▸ Activity: Leave the images out and repeat the data exactly as given.

▸ Available data:
--------------------------------------------------

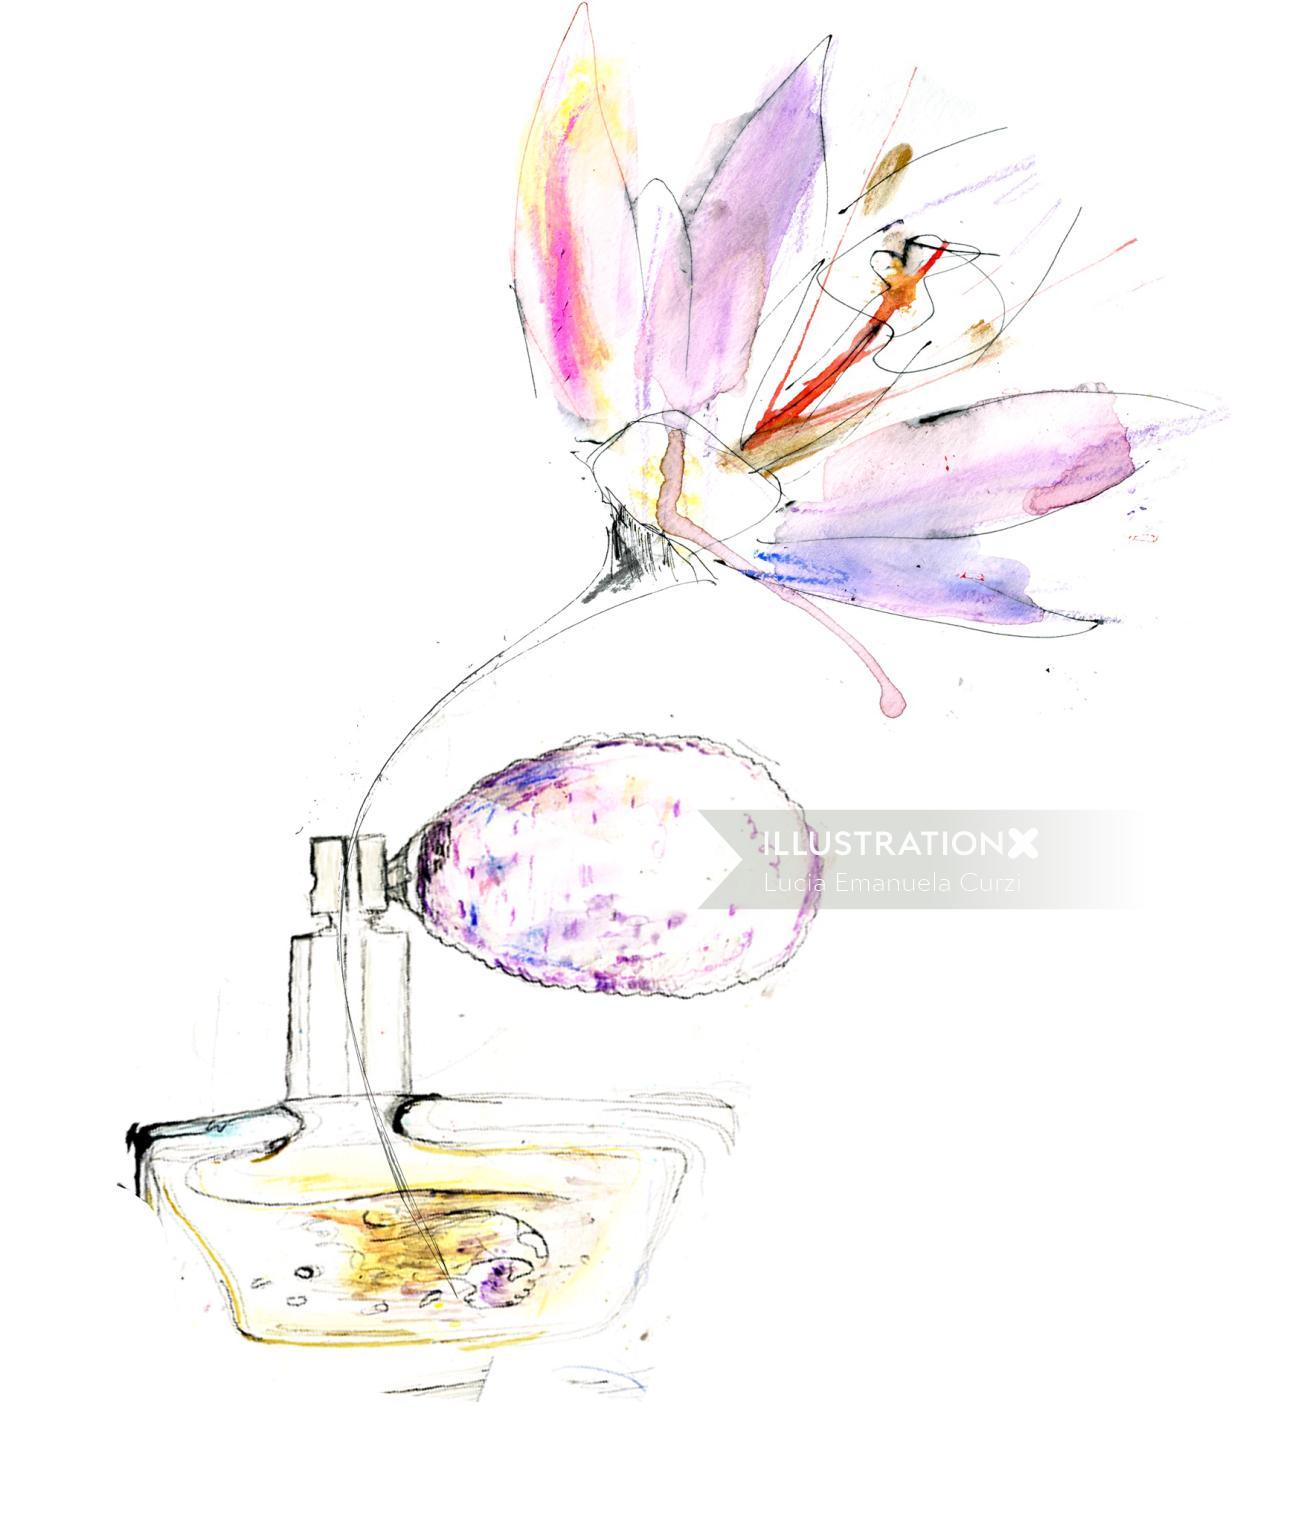 Flower illustration by Lucia Emanuela Curzi
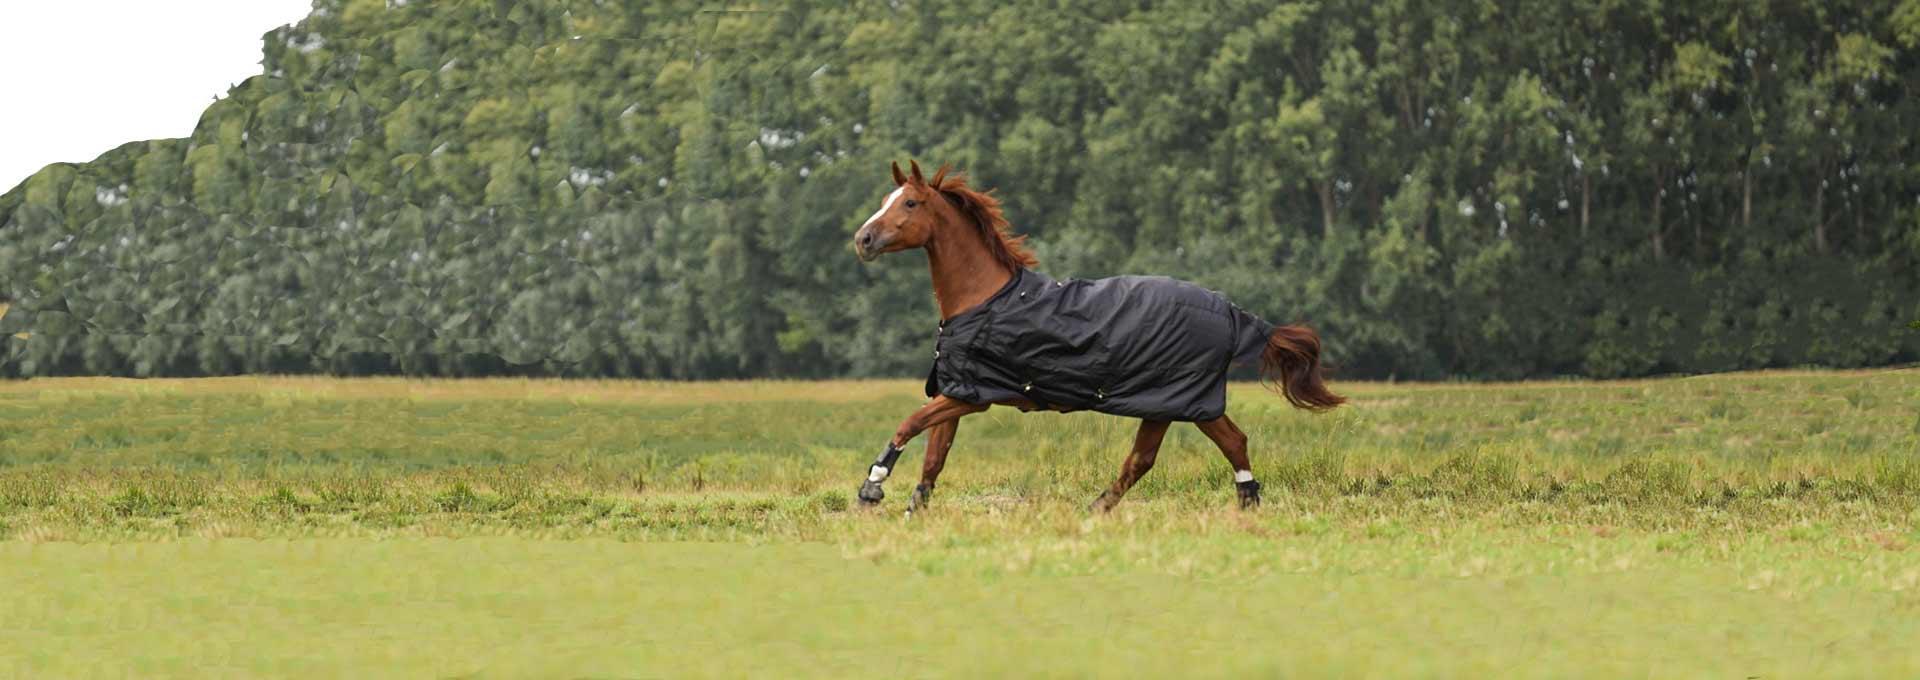 equitation decathlon couverture cheval poney nl
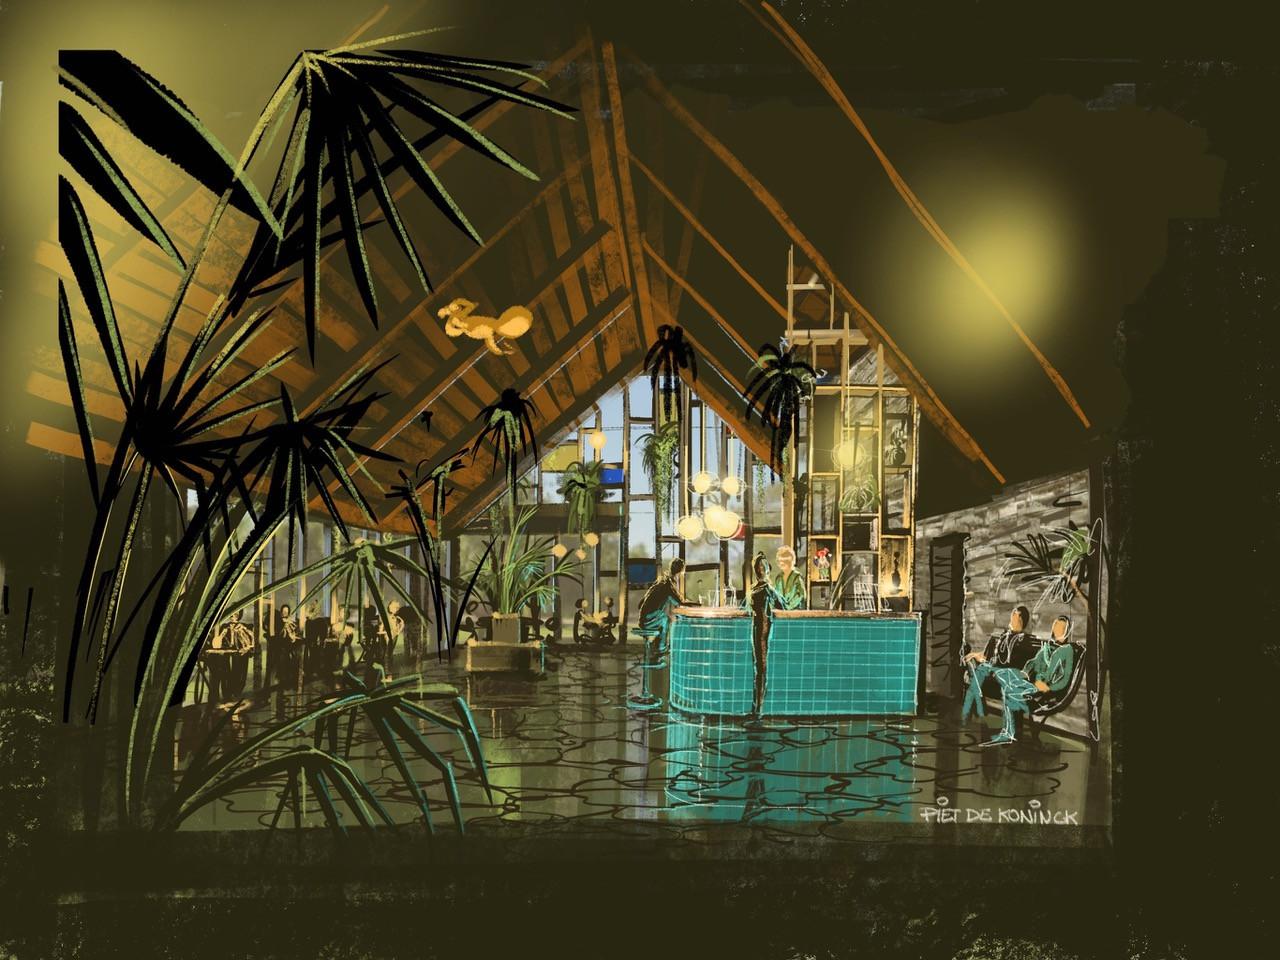 houten_gebouw_rustieke_constructie_cb5b3b26b8e4e66381455f451f3e02d2.jpeg
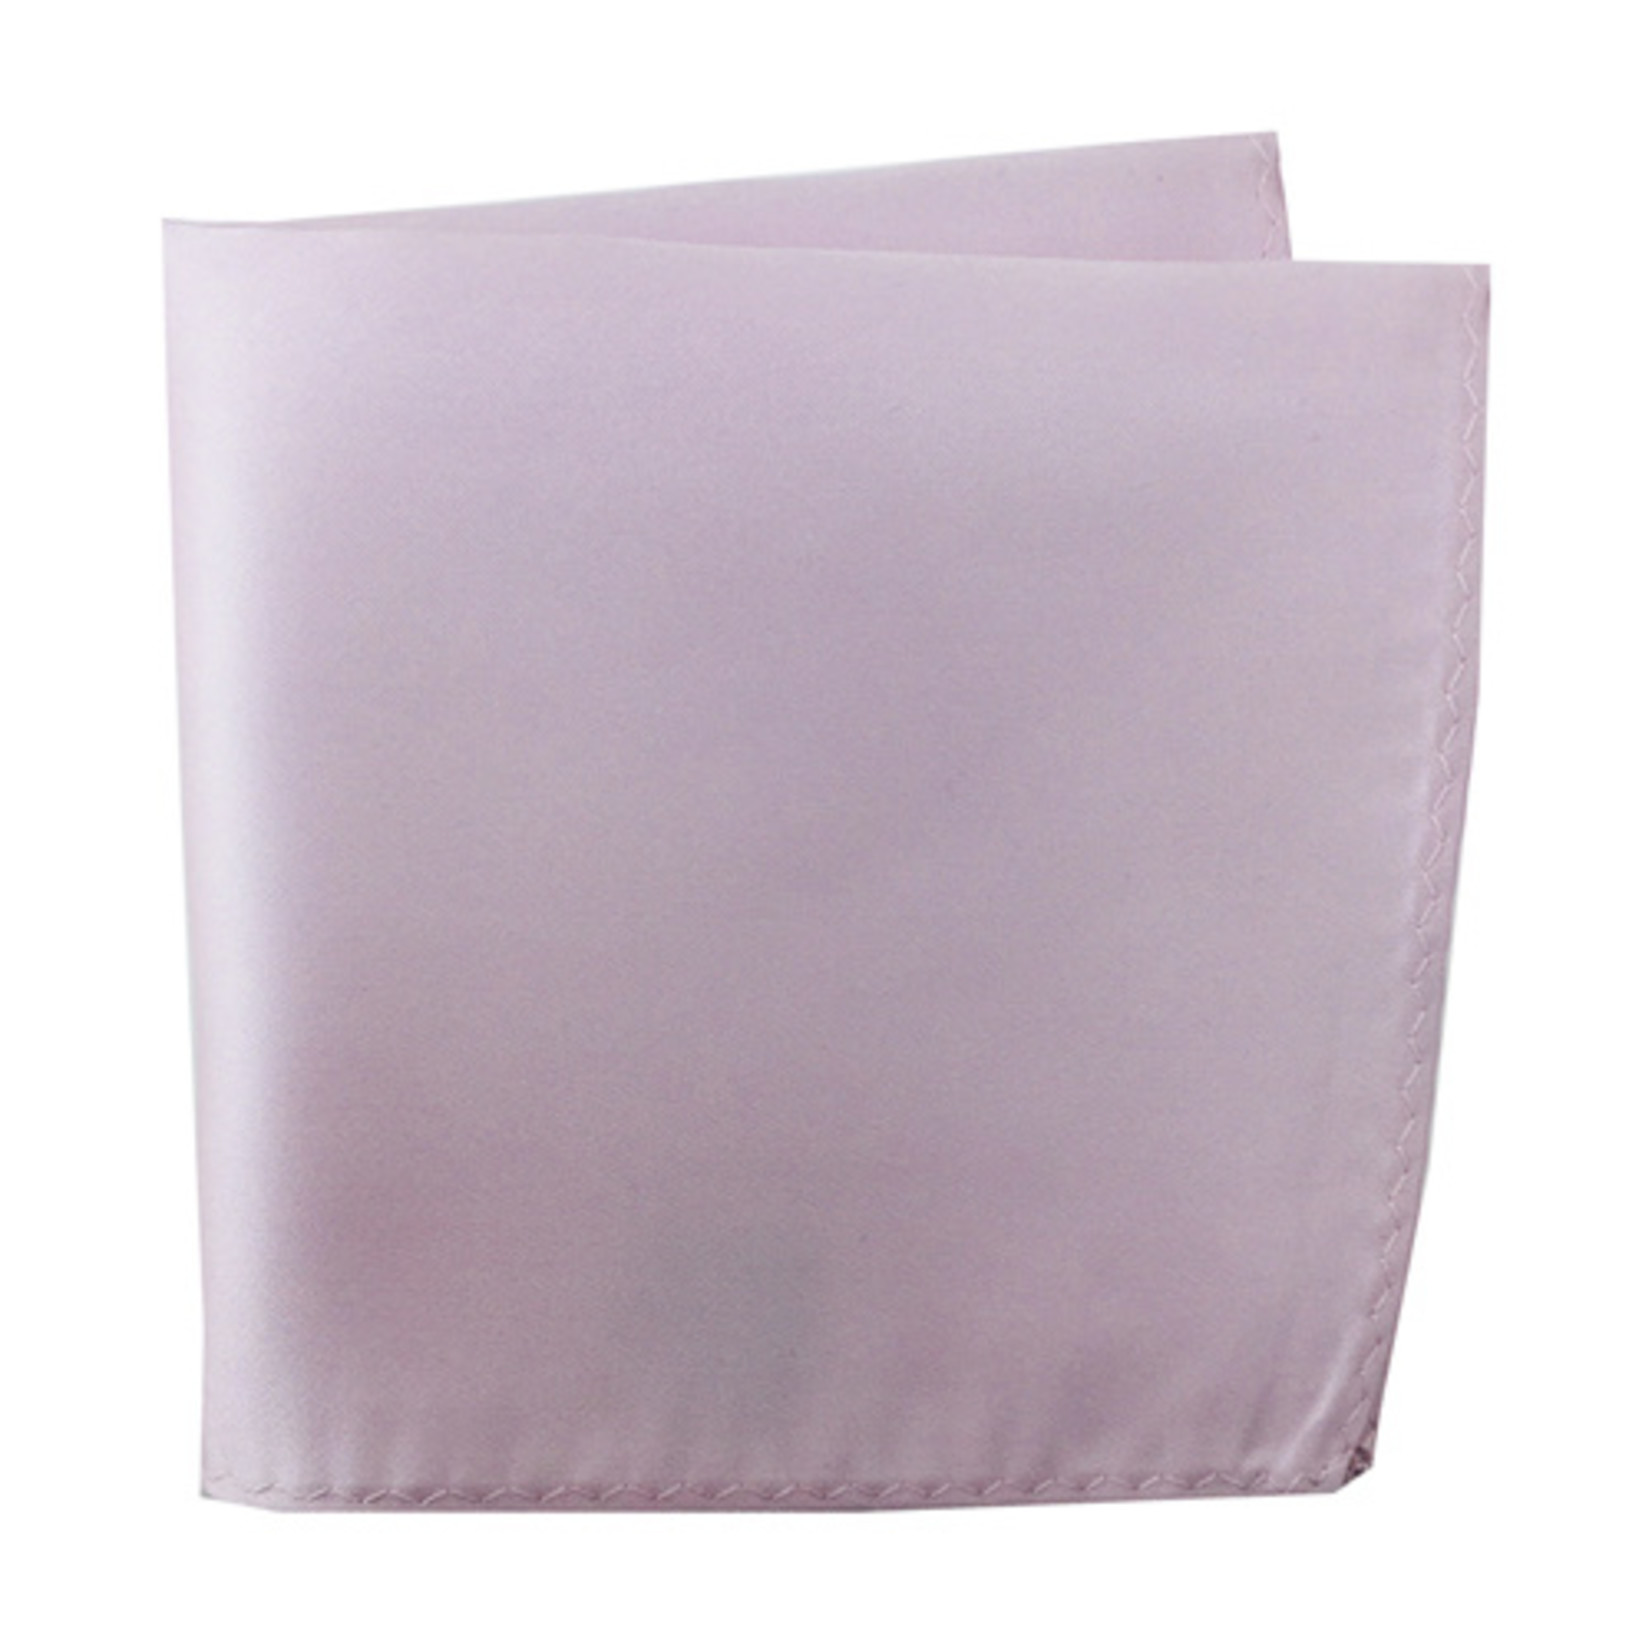 Knotz M100PSQ-55 Solid Blush Pink Pocket Square

--------------------------------------------------

▸ Task solution:
 Flower illustration by Lucia Emanuela Curzi
 equitation decathlon couverture cheval poney nl
 houten_gebouw_rustieke_constructie_cb5b3b26b8e4e66381455f451f3e02d2.jpeg
 Knotz M100PSQ-55 Solid Blush Pink Pocket Square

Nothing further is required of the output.